*Exercise instructions*
When copying the data below, keep only the lines from the one with "Wheels and Tires/Axles" through the one with "Anycubic Photon M3 touch screen", word for word, and skip the pictures.

*Data extract*
________________

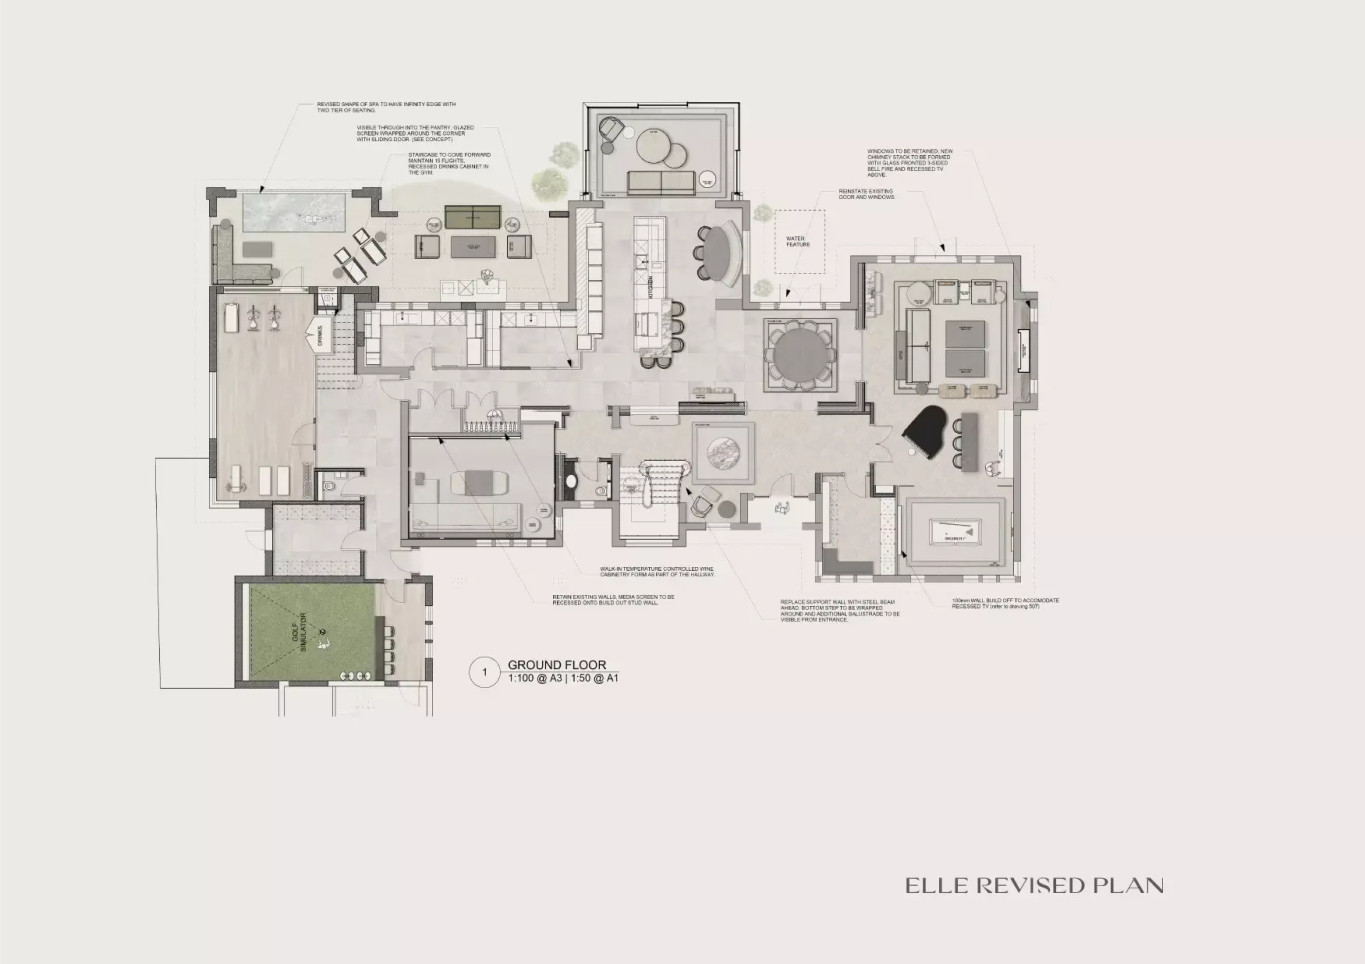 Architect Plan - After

________________

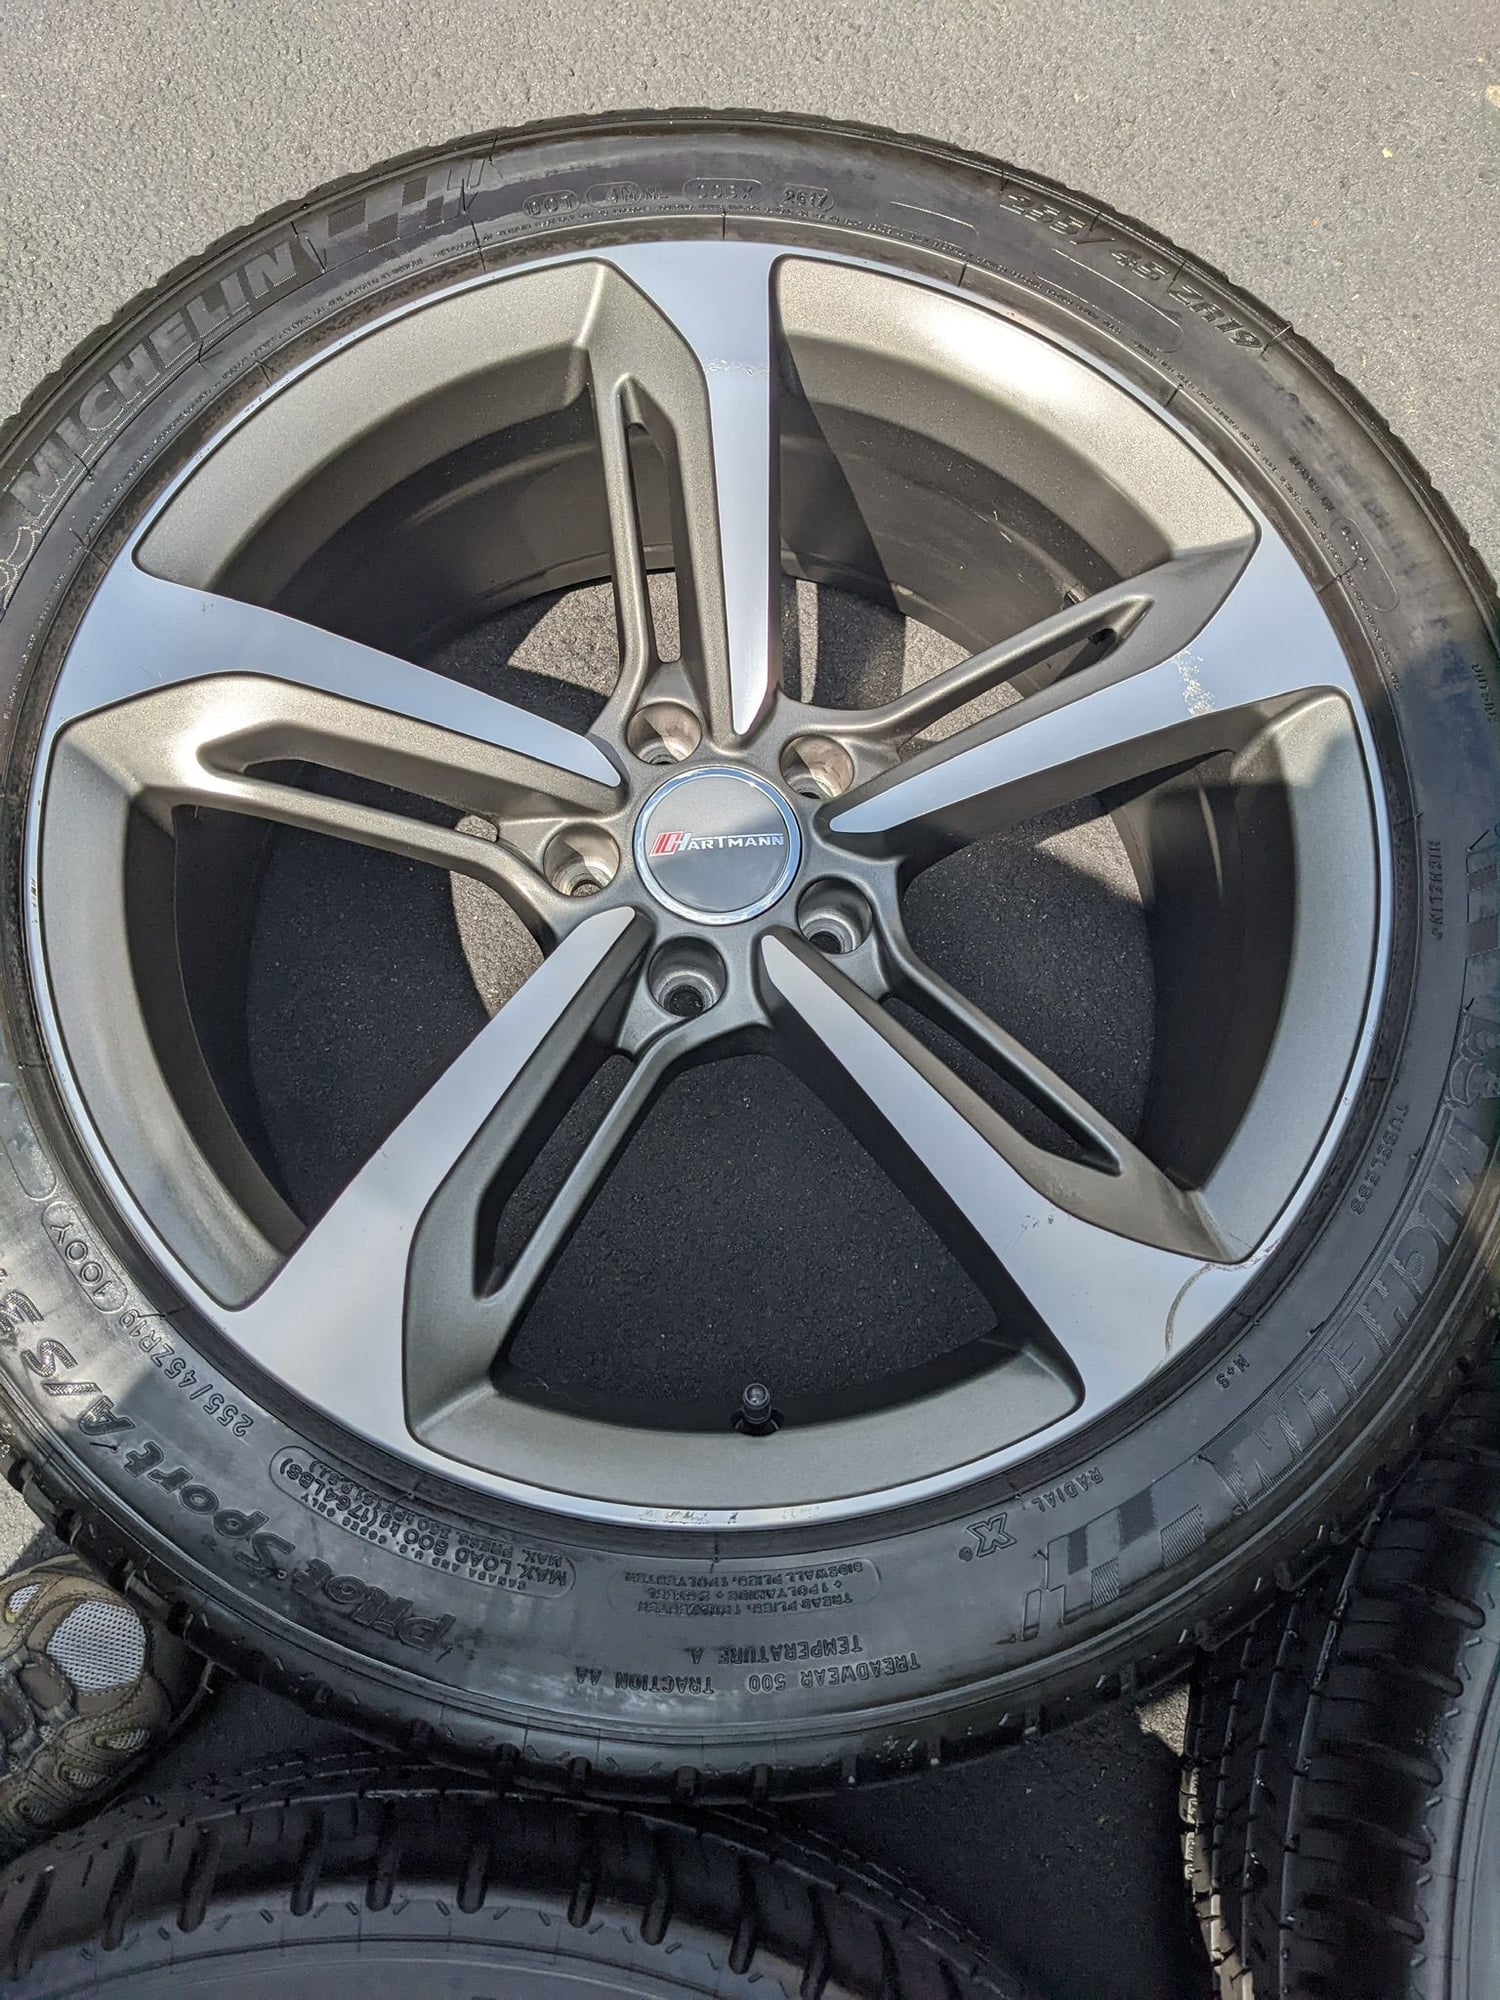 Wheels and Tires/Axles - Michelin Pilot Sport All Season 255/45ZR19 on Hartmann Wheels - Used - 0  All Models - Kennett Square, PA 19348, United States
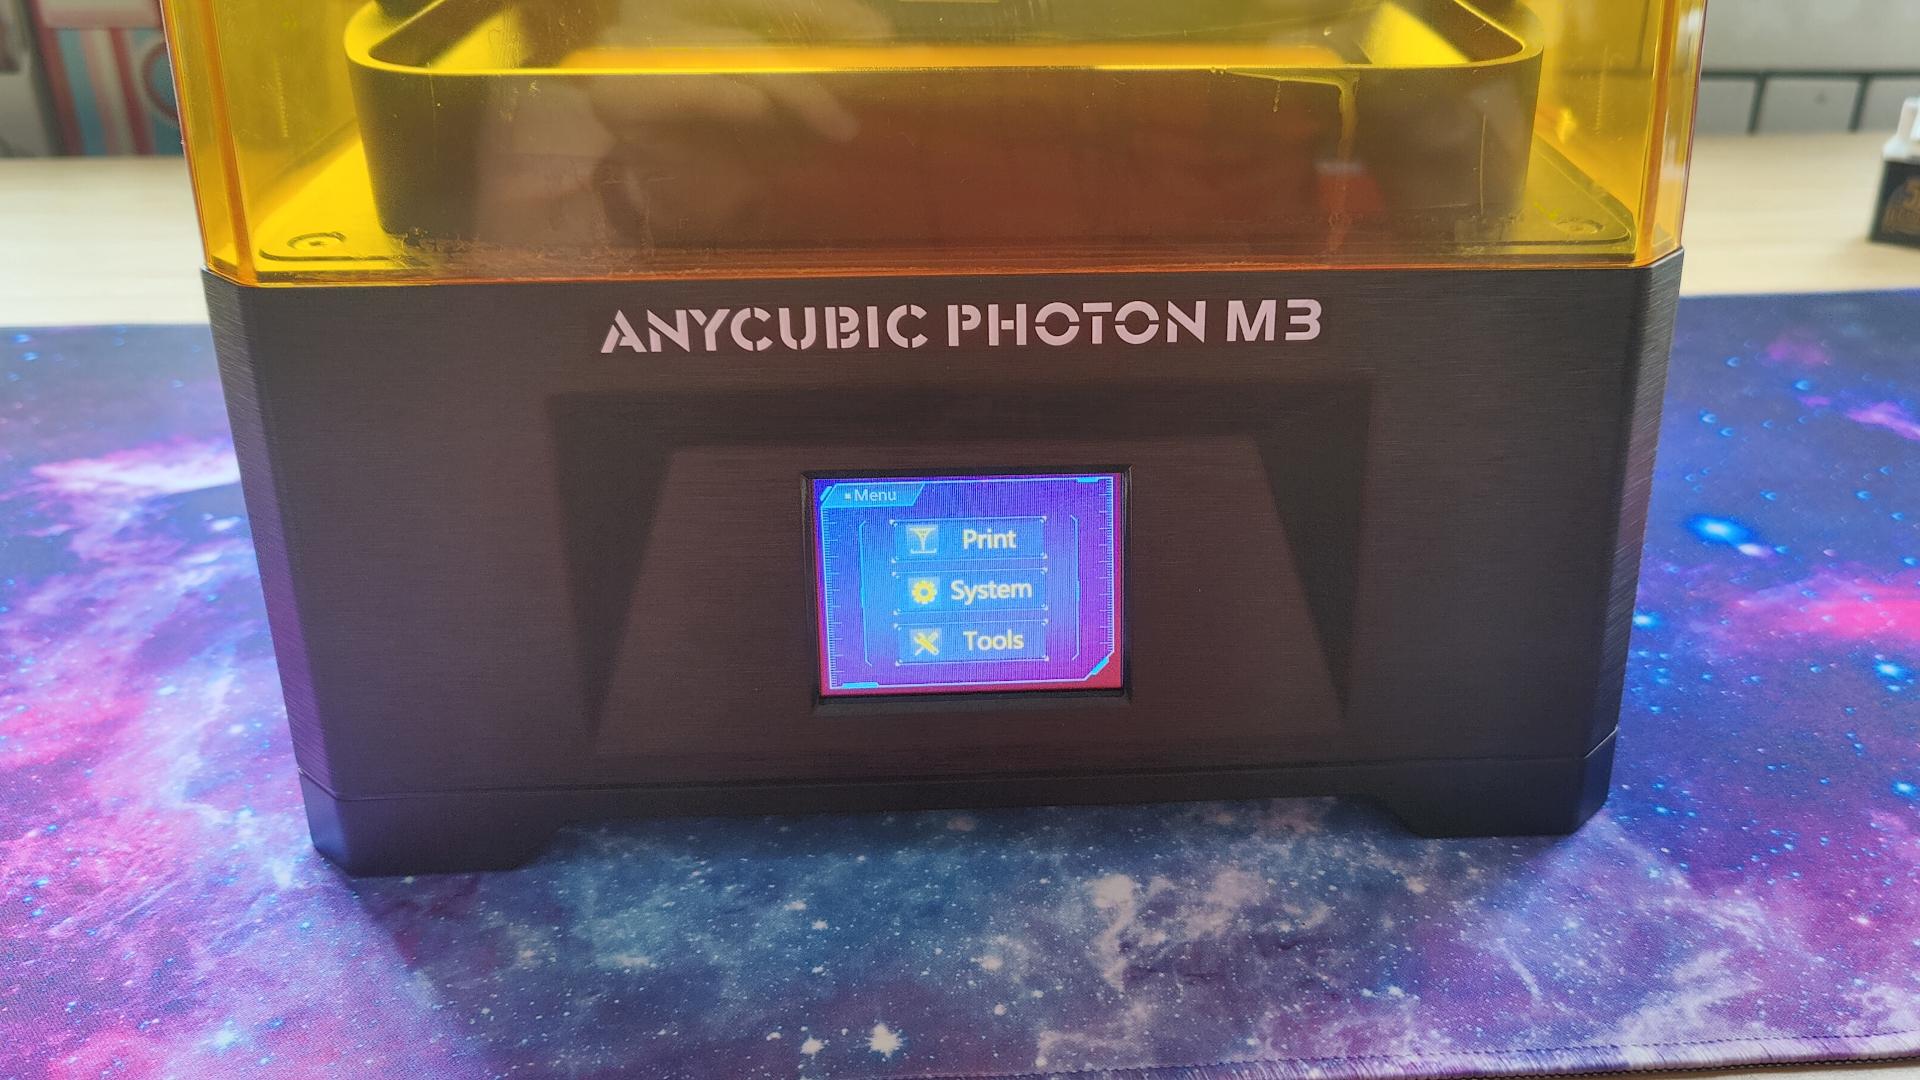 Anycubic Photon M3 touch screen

________________

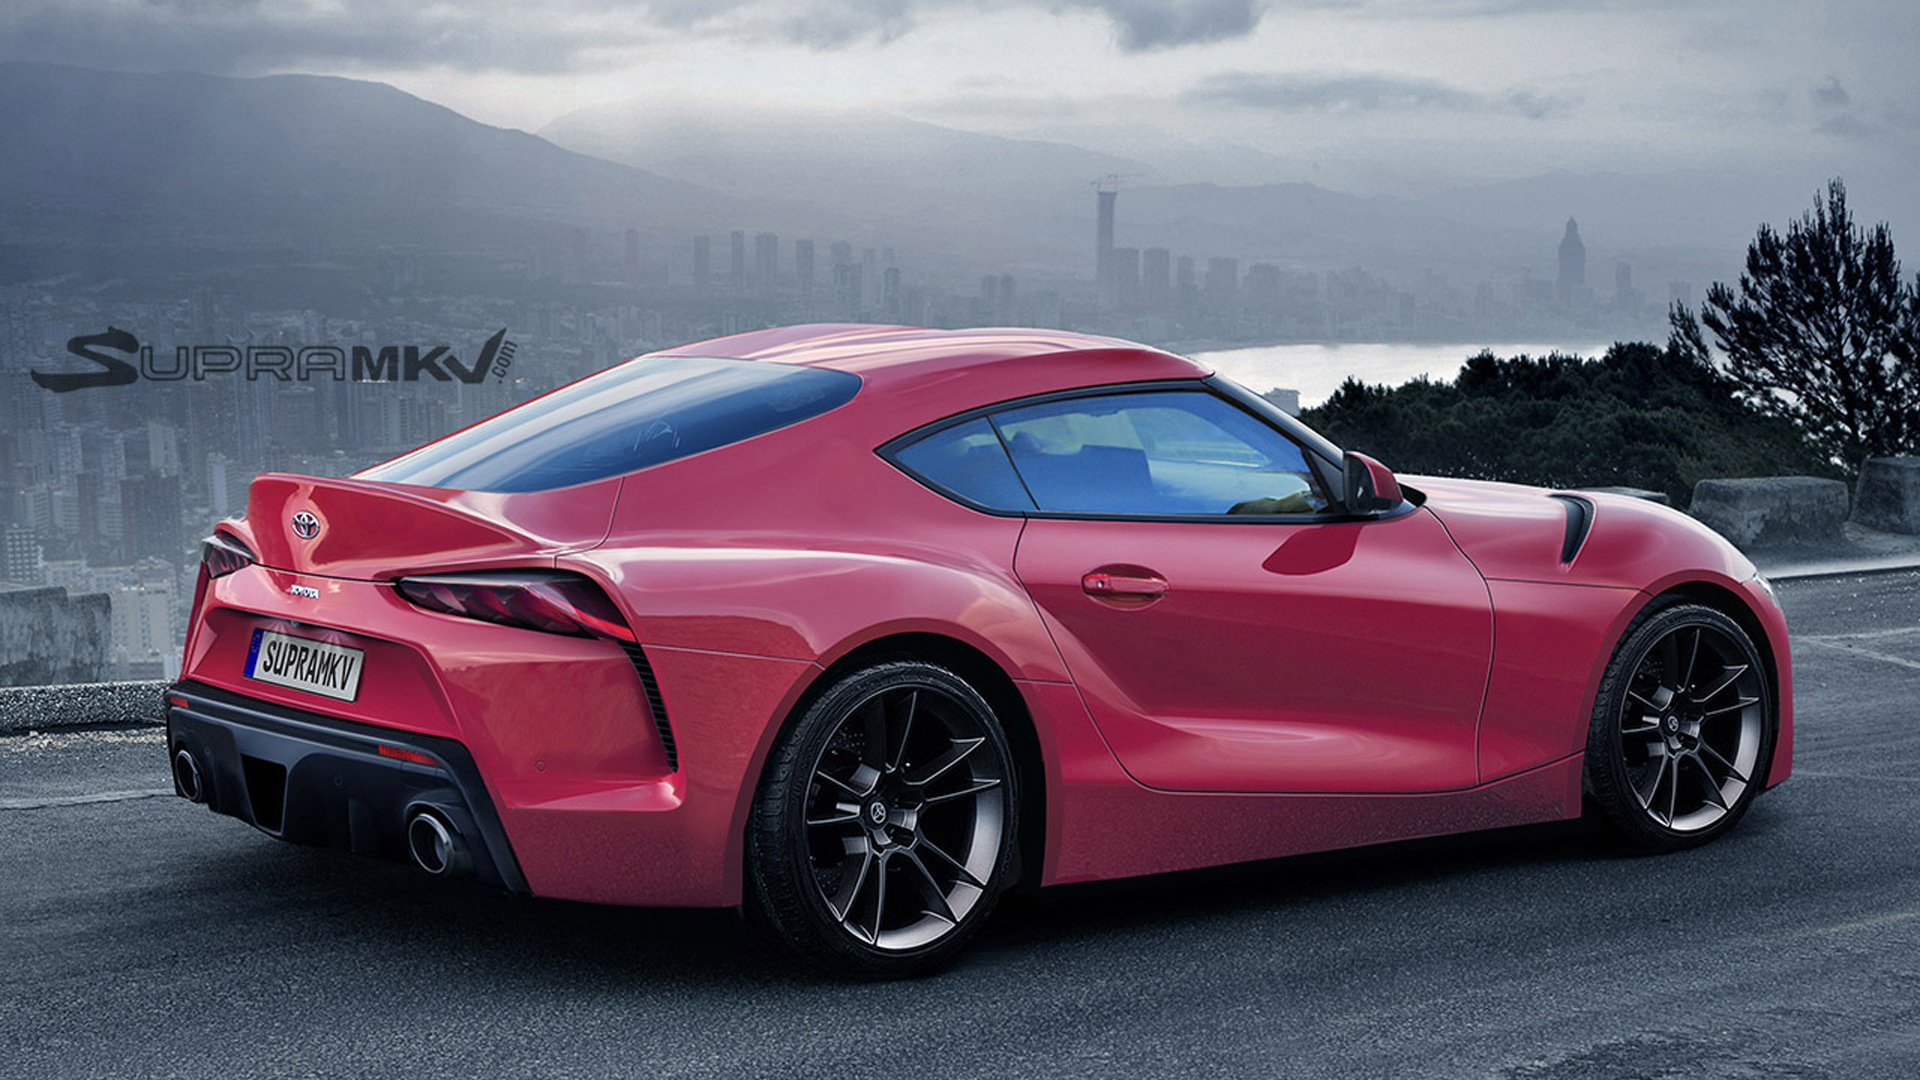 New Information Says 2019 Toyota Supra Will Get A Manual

________________

*Answer section*
 Wheels and Tires/Axles - Michelin Pilot Sport All Season 255/45ZR19 on Hartmann Wheels - Used - 0  All Models - Kennett Square, PA 19348, United States
 Anycubic Photon M3 touch screen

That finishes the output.